(DATA SHOWN)
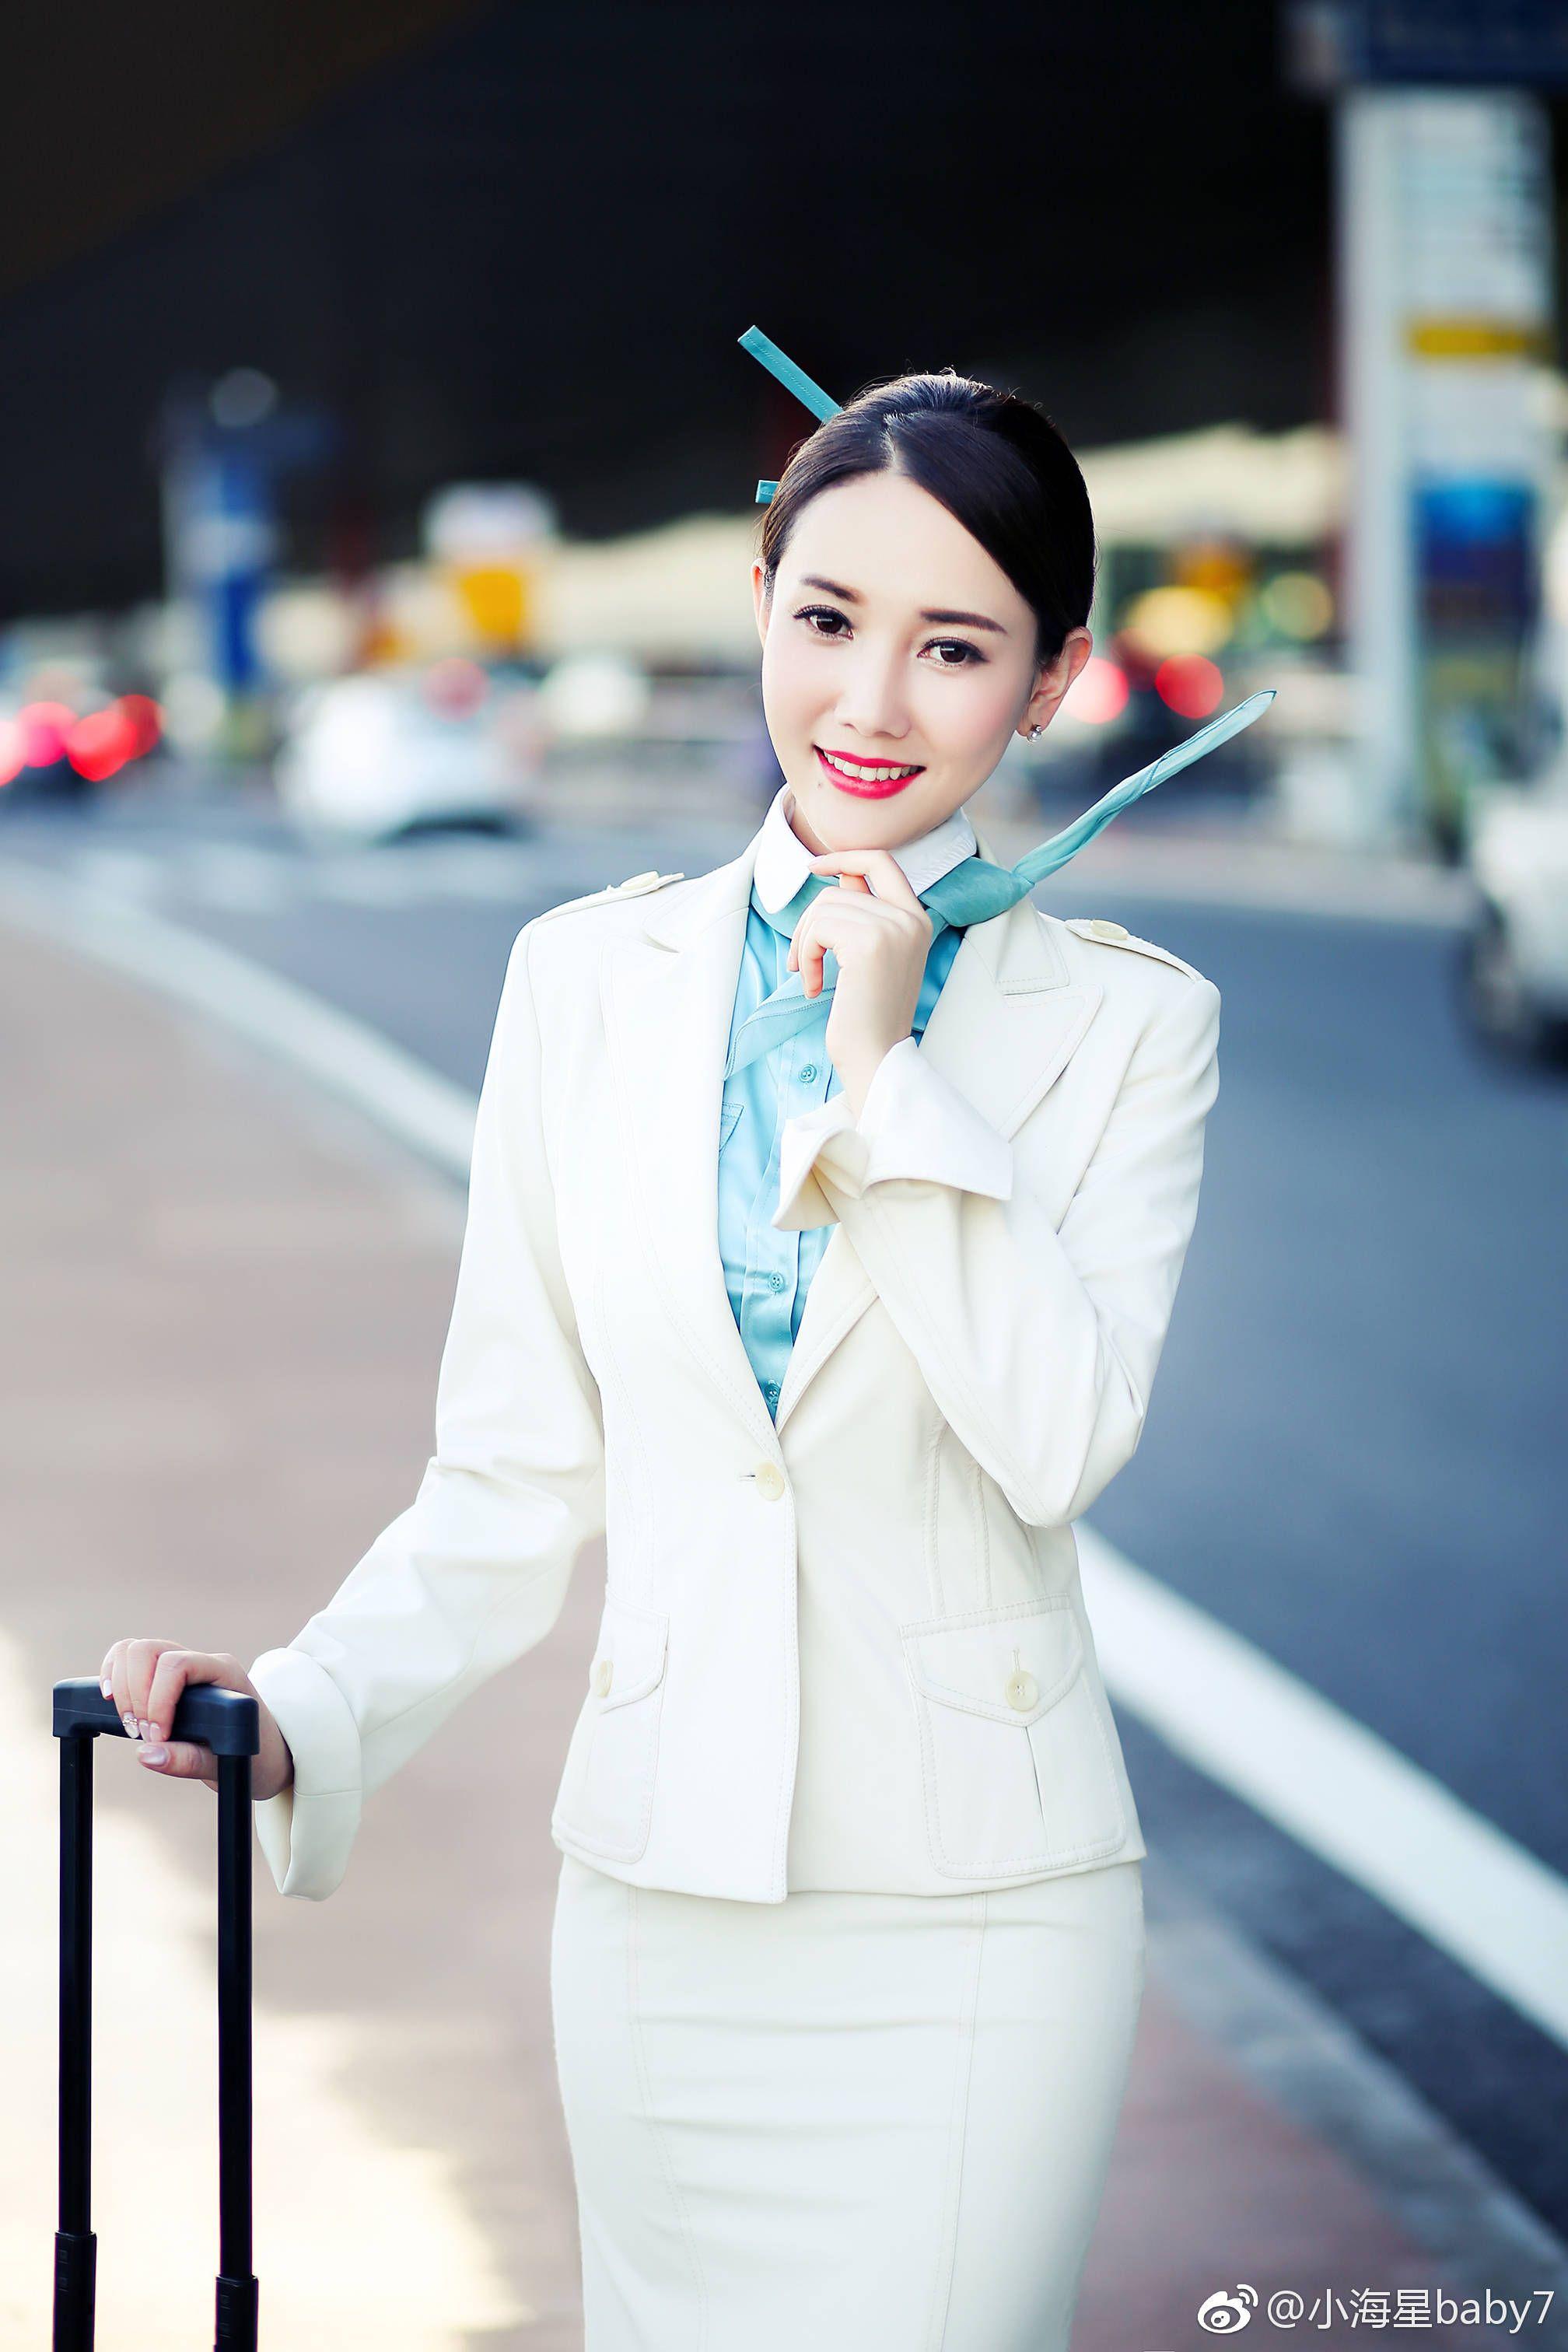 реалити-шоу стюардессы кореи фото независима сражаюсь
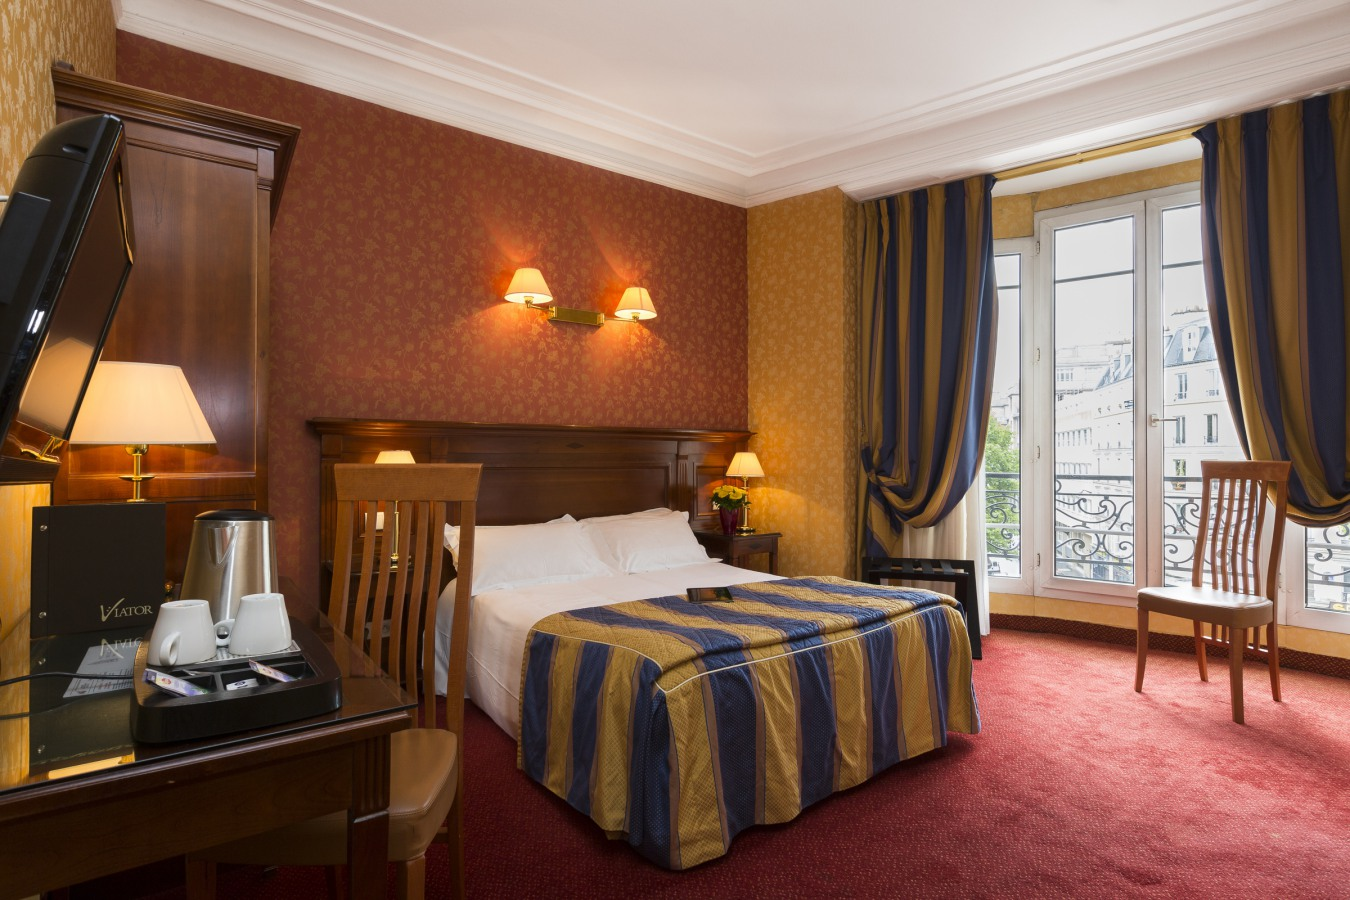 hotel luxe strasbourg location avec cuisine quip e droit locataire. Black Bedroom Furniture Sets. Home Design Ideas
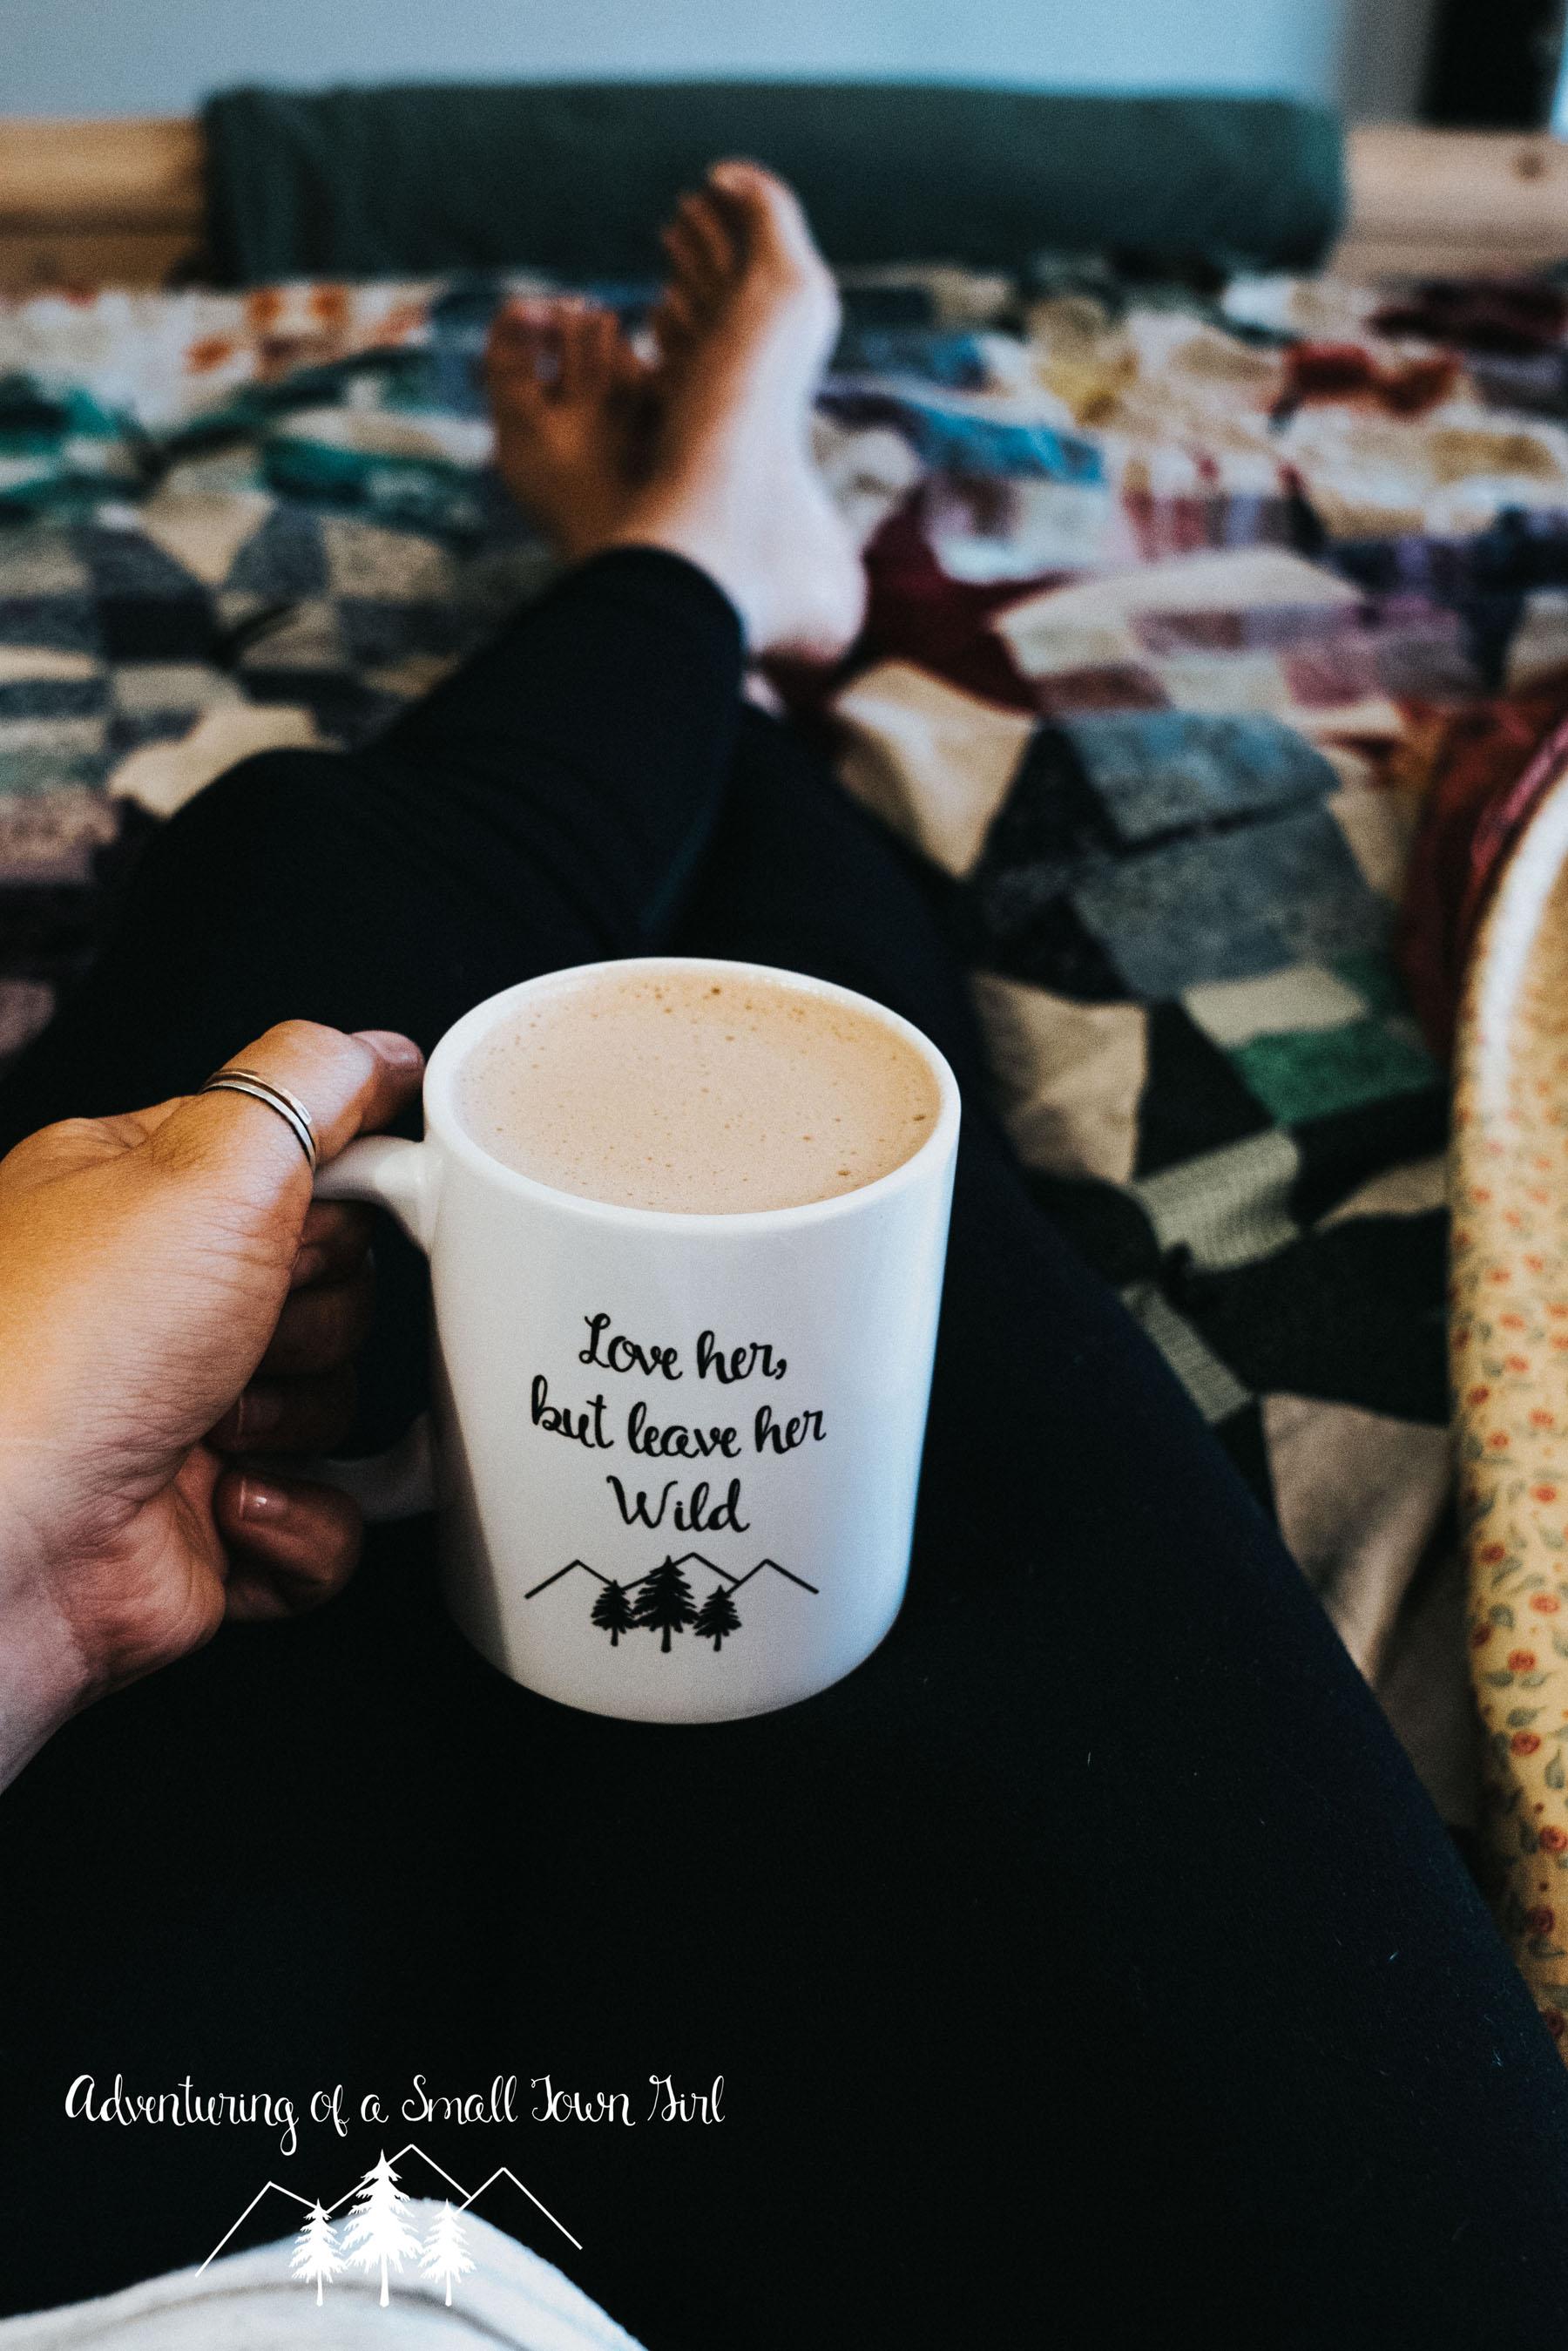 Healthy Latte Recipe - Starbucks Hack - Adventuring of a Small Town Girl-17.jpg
(End DATA SHOWN)
TASK ITEM: Reproduce, exactly and with no pictures, the lines from the line containing "hotel luxe strasbourg" through the closing line of the data above, keeping both ends.

RESPONSE TO THIS TASK:
 hotel luxe strasbourg location avec cuisine quip e droit locataire. Black Bedroom Furniture Sets. Home Design Ideas
 Healthy Latte Recipe - Starbucks Hack - Adventuring of a Small Town Girl-17.jpg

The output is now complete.